Blondel rose violently, his hands clawing the air. "And I must die?" he cried, his voice thick with rage. "I must die because he may be ill? Because—because——" He stopped, struggling with himself, unable, it seemed, to articulate. By-and-by it became apparent that the pause had another origin, for when he spoke he had conquered his passion. "Pardon me," he said, still hoarsely, but in a different tone—the tone of one who saw that violence could not help him. "I was forgetting myself. Life—life is sweet to all, Messer Basterga, and we cannot lightly see it pass from us. To have life within sight, to know it within this room, perhaps within reach——"

"Not quite that," Basterga murmured, his eyes wandering to the steel casket, chained to the wall beside the hearth. "Still, I understand; and, believe me," he added in a tone of sympathy, "I feel for you, Messer Blondel. I feel deeply for you."

"Feel?" the Syndic muttered. For an instant his eyes gleamed savagely, the veins of his temples swelled. "Feel!"

"But what can I do?"

Blondel could have answered, but to what advantage? What could words profit him, seeing that it was a life for a life, and that, as all that a man hath he will give for his life, so there is nothing another hath that he will take for it. Argument was useless; prayer, in view of the other's confession, beside the mark. The magistrate saw this, and made an effort to resume his dignity. "We will talk another day," he murmured, pressing his hand to his brow, "another day!" And he turned to the door. "You will not mention what I have said to you, Messer Basterga?"

"Not a syllable," his host answered, as he followed him out. The abruptness of the departure did not surprise him. "Believe me, I feel for you, Messer Blondel."

The Syndic acknowledged the phrase by a gesture not without pathos, and, passing out, stumbled blindly down the narrow stairs. Basterga attended him with respect to the outer door, and there they parted in silence. The magistrate, his shoulders bowed, walked slowly to the left, where, turning into the town through the inner gate, the Porte Tertasse, he disappeared. The big man waited a while, sunning himself on the steps, his face towards the ramparts.

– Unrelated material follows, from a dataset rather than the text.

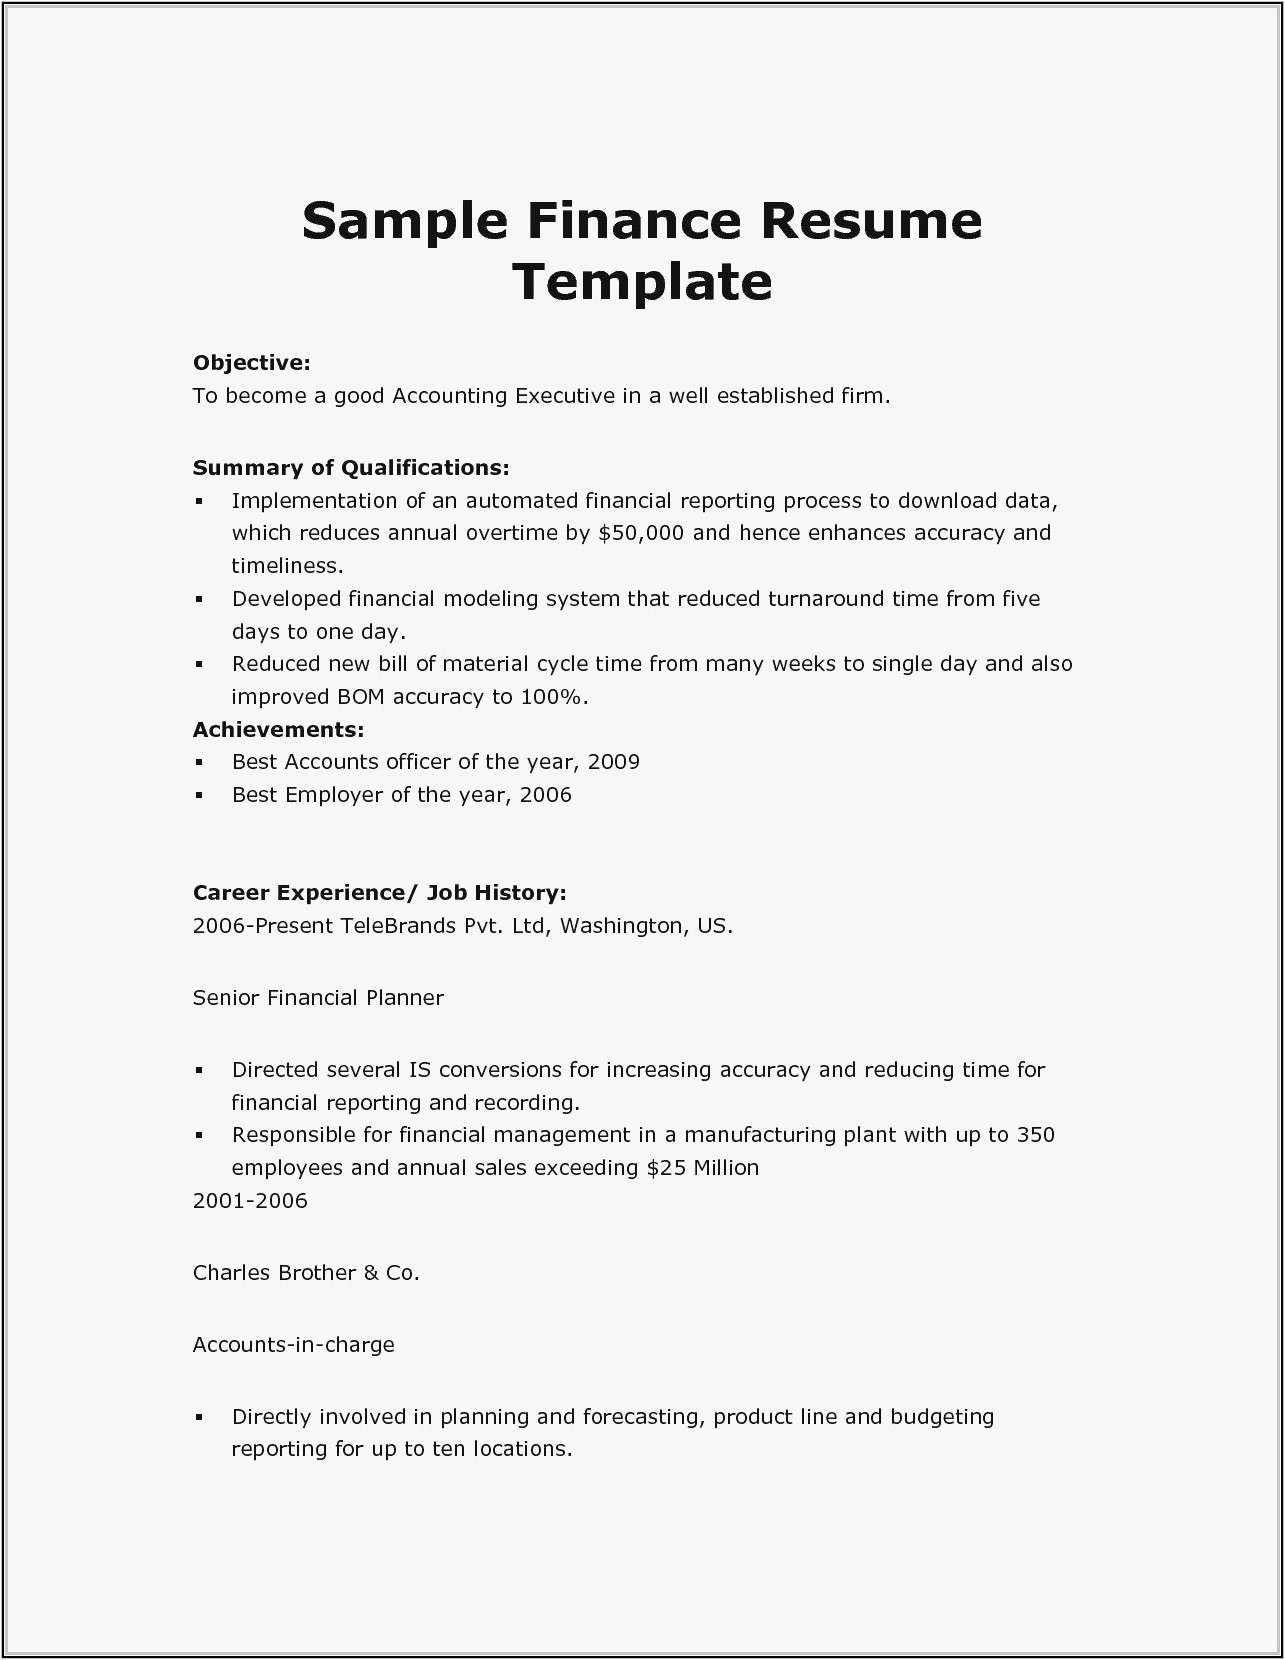 Sample Resume for Mba Freshers In Finance Sample Resume for Mba Freshers In Finance
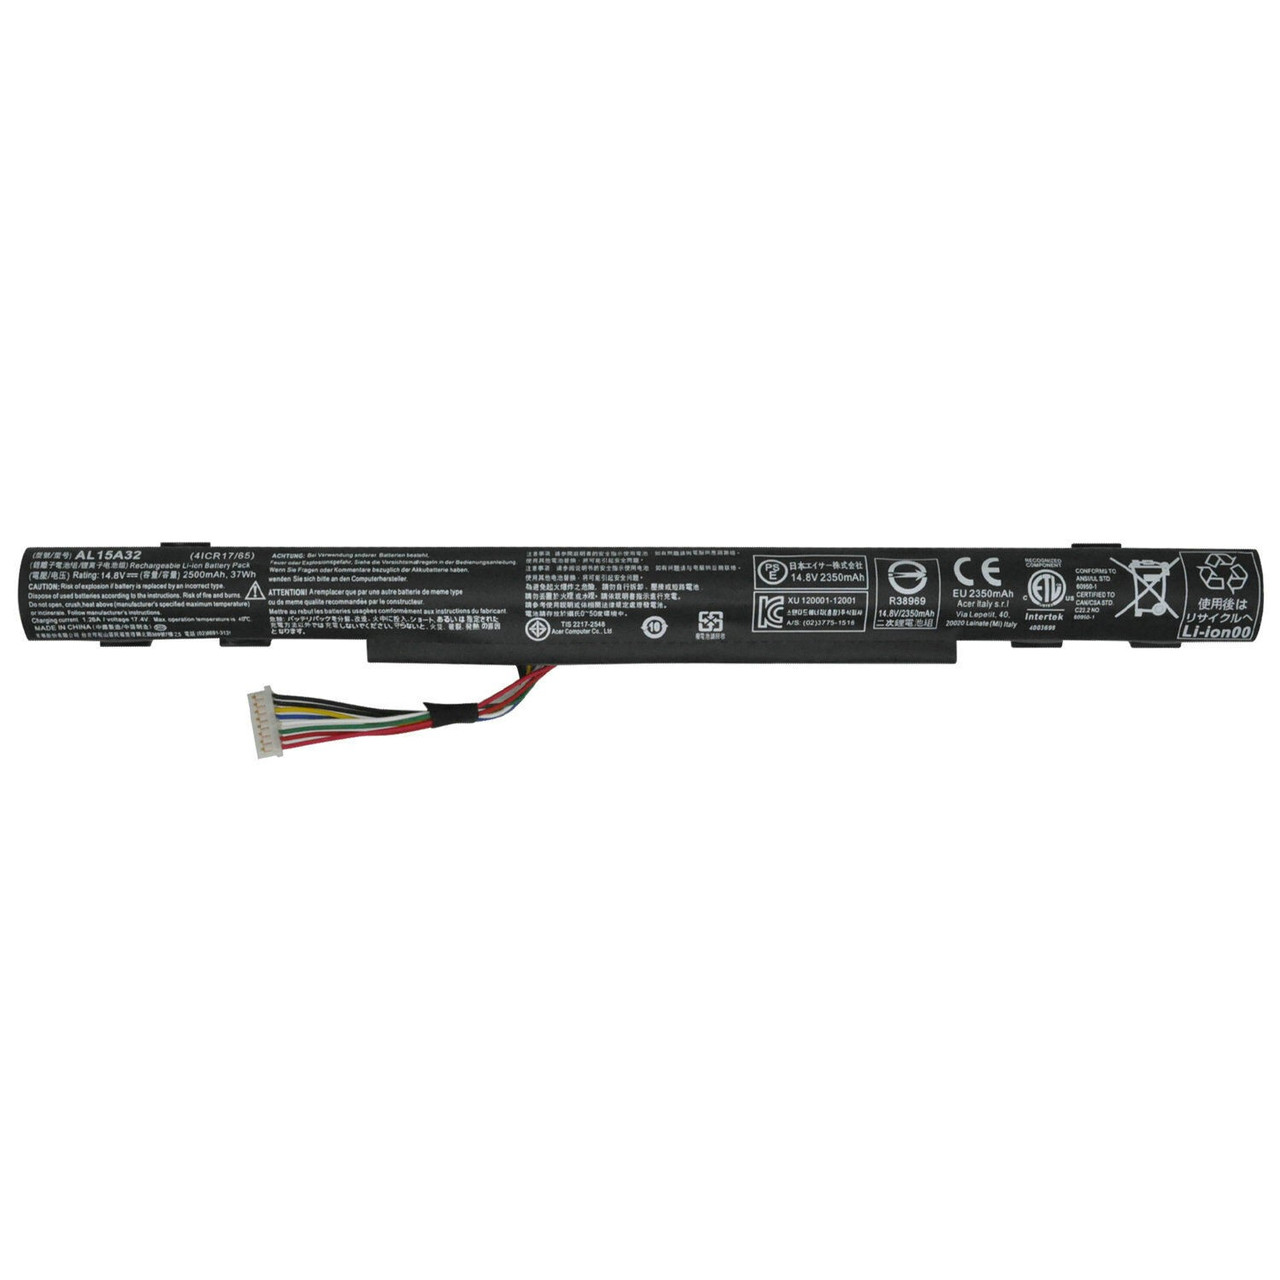 Оригинальная аккумуляторная батарея  AL15A32 для ноутбука Acer Aspire E5-422, E5-472, E5-473, E5-522, E5-532,

"He will come back, oh, yes, he will come back," he purred, smiling all over his large face. "For I, Caesar Basterga, have a brain. And 'tis better a brain than thews and sinews, gold or lands, seeing that it has all these at command when I need them. The fish is hooked. It will be strange if I do not land him before the year is out. But the bribe to his physician—it was a happy thought: a happy thought of this brain of Caesar Basterga, graduate of Padua, viri valde periti, doctissimique!"



CHAPTER VI.

TO TAKE OR LEAVE.

The house in the Corraterie, near the Porte Tertasse, differed in no outward respect from its neighbours. The same row of chestnut trees darkened its lower windows, the same breezy view of the Rhone meadows, the sloping vineyards and the far-off Jura lightened its upper rooms. A kindred life, a life apparently as quiet and demure, moved within its walls. Yet was the house a house apart. Silently and secretly, it had absorbed and sucked and drawn into itself the hearts and souls and minds of two men. It held for the one that which the old prize above all things in the world—life; and for the other, that which the young set above life—love.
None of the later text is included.